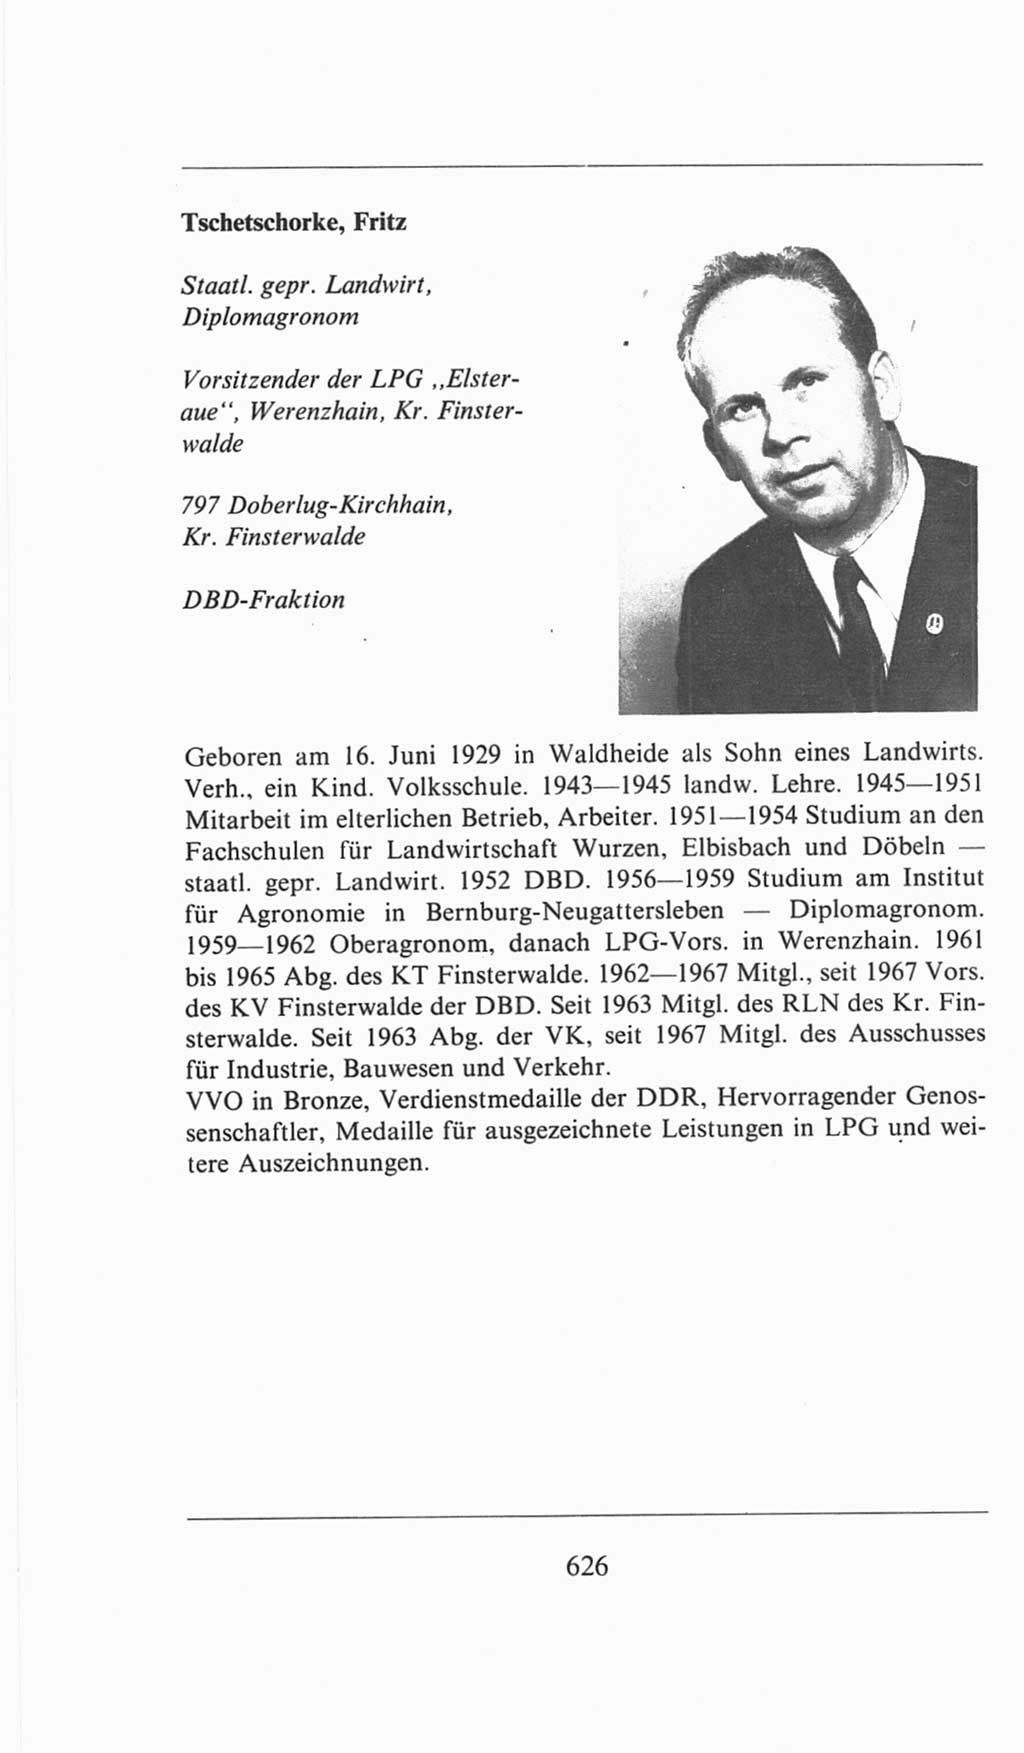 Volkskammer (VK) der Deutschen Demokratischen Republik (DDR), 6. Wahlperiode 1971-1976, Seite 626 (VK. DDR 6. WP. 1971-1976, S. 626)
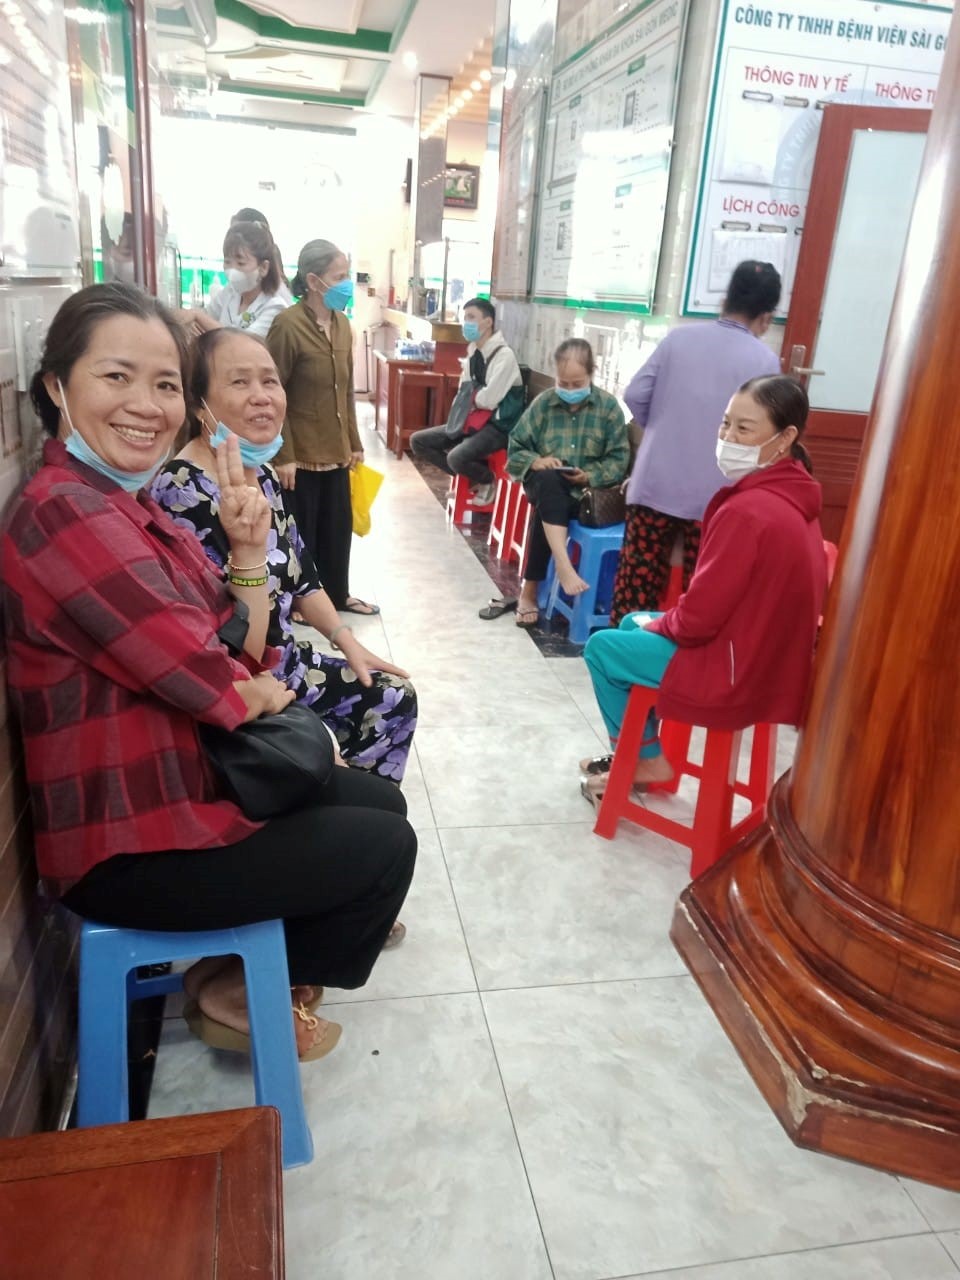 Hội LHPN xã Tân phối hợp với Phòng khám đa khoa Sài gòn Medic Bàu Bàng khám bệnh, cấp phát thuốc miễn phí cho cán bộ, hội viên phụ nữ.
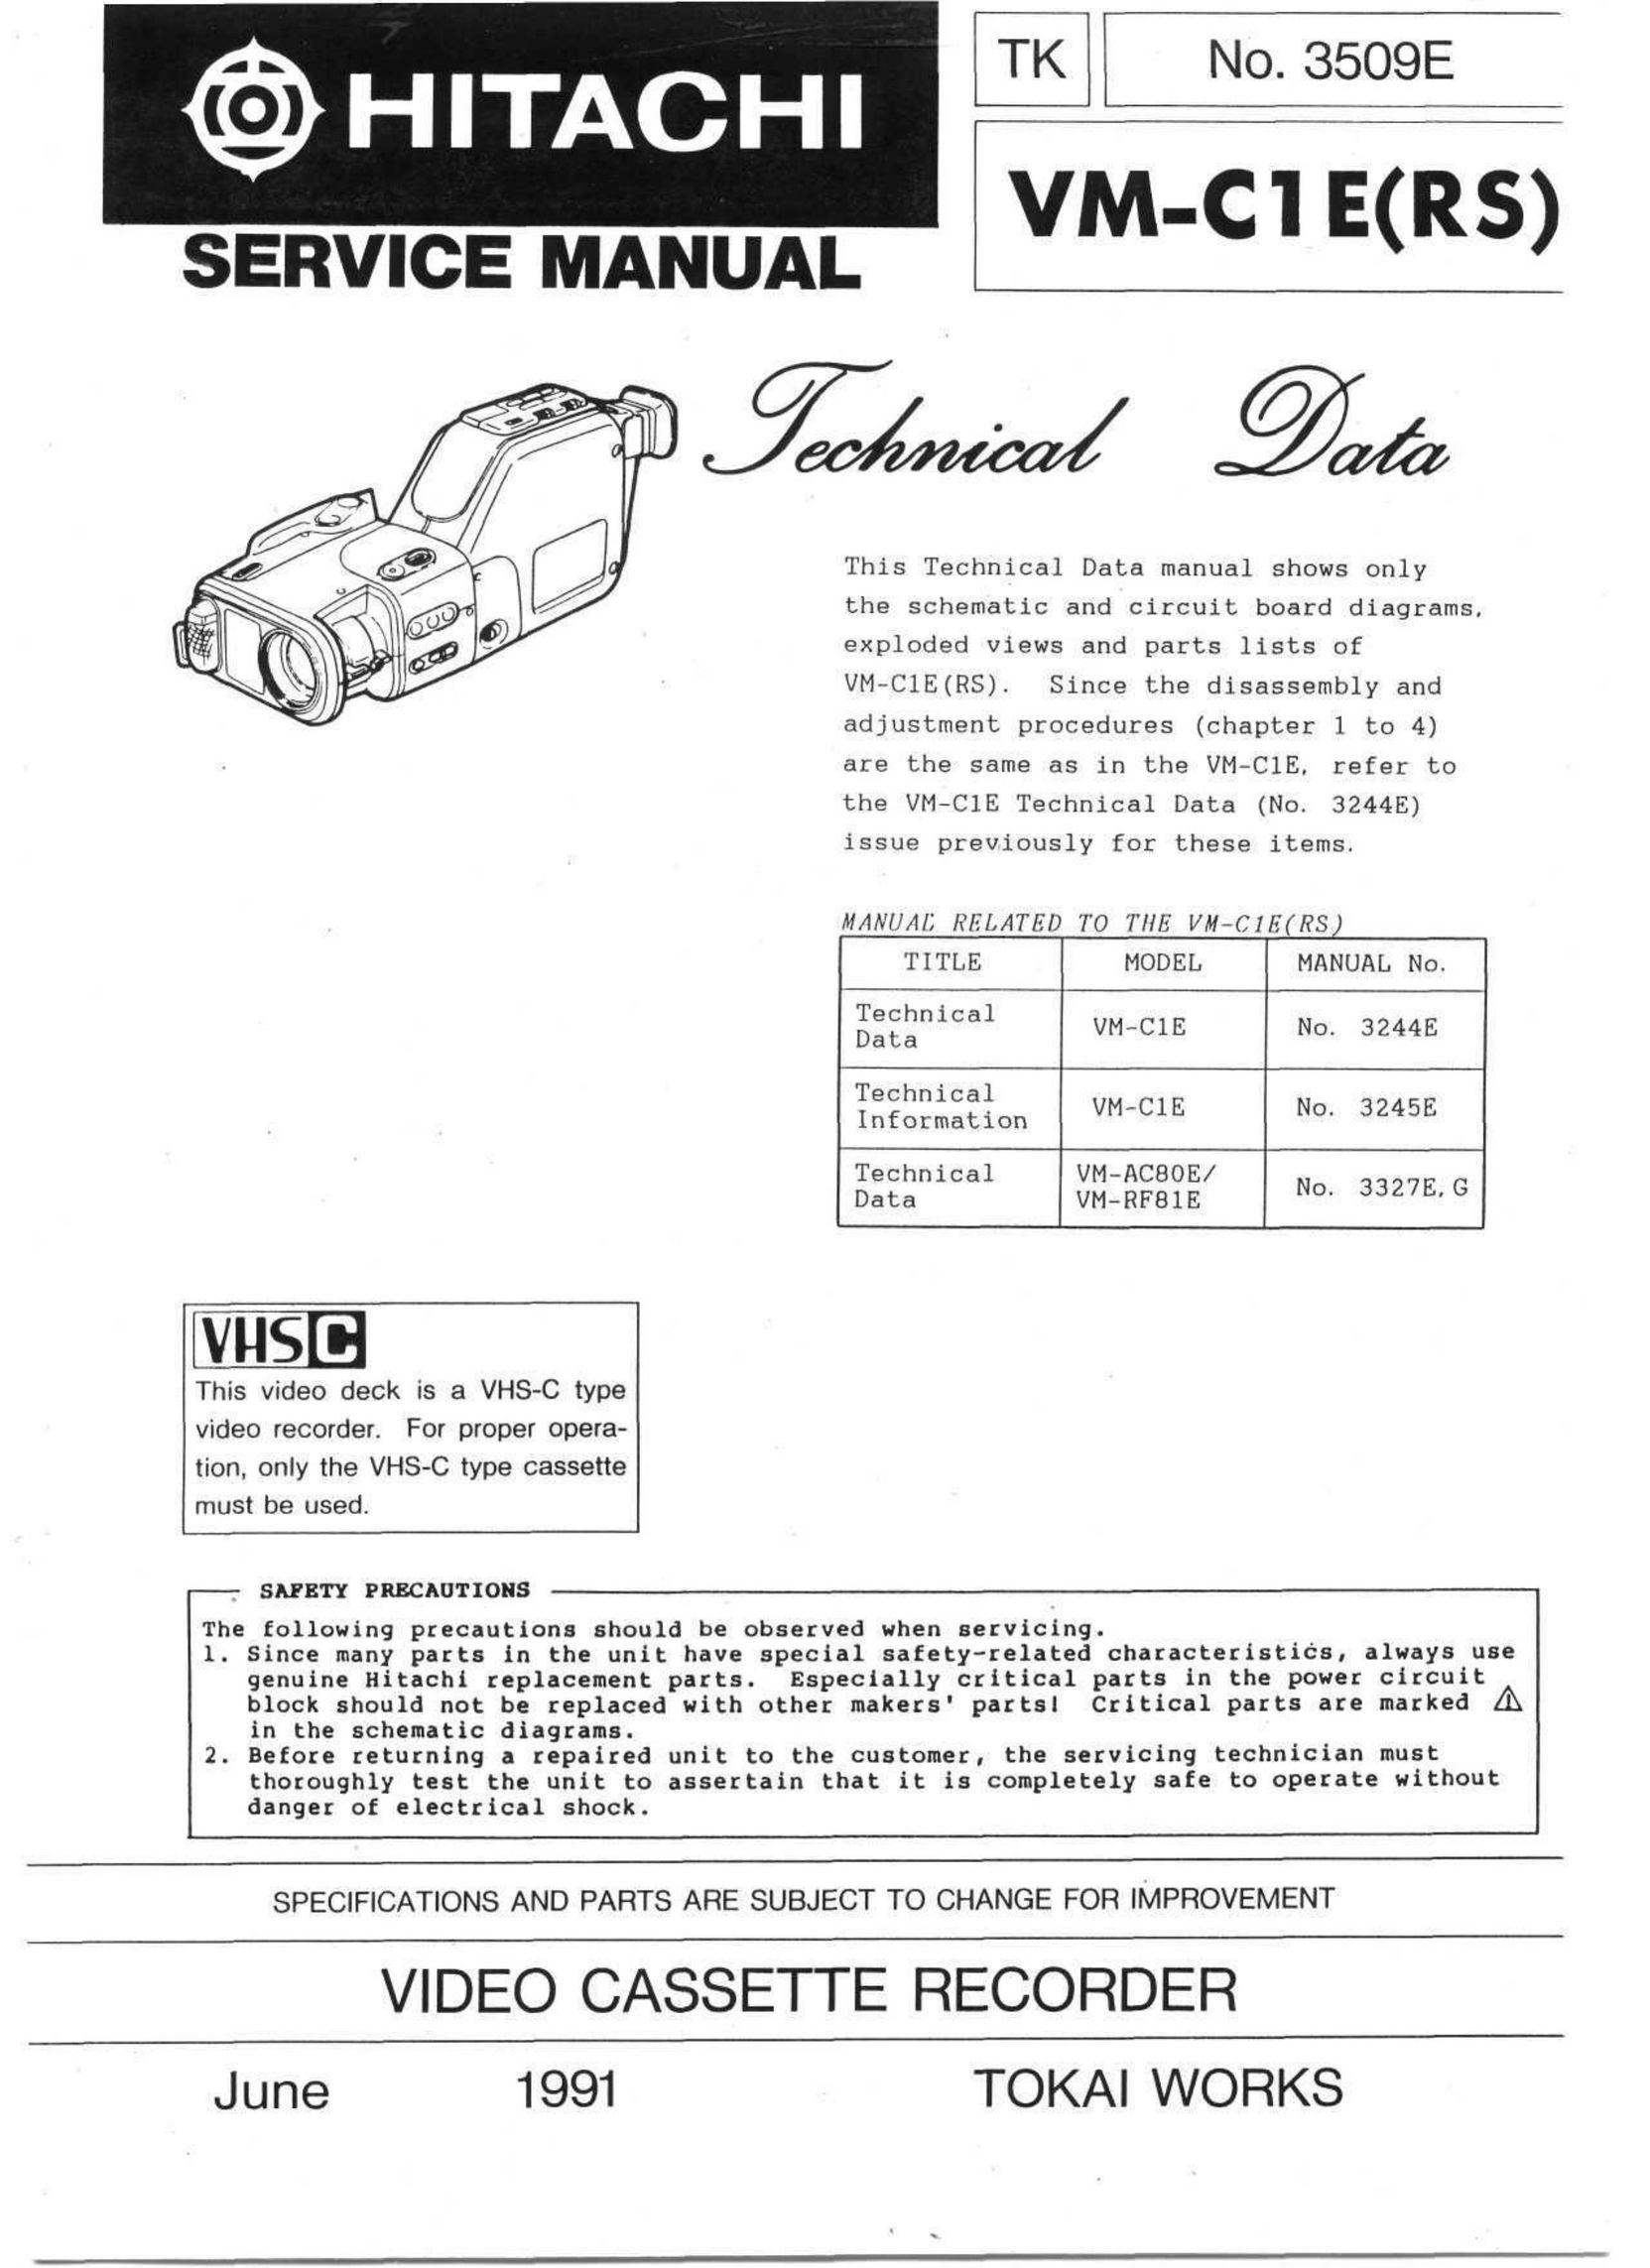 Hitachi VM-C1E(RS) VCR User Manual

=======

Exercise objective:
Nothing but the lines from the one containing "Hội LHPN xã" through the end of the listing should be printed, each exactly as it appears and without pictures.

Exercise solution:
 Hội LHPN xã Tân phối hợp với Phòng khám đa khoa Sài gòn Medic Bàu Bàng khám bệnh, cấp phát thuốc miễn phí cho cán bộ, hội viên phụ nữ.
 Hitachi VM-C1E(RS) VCR User Manual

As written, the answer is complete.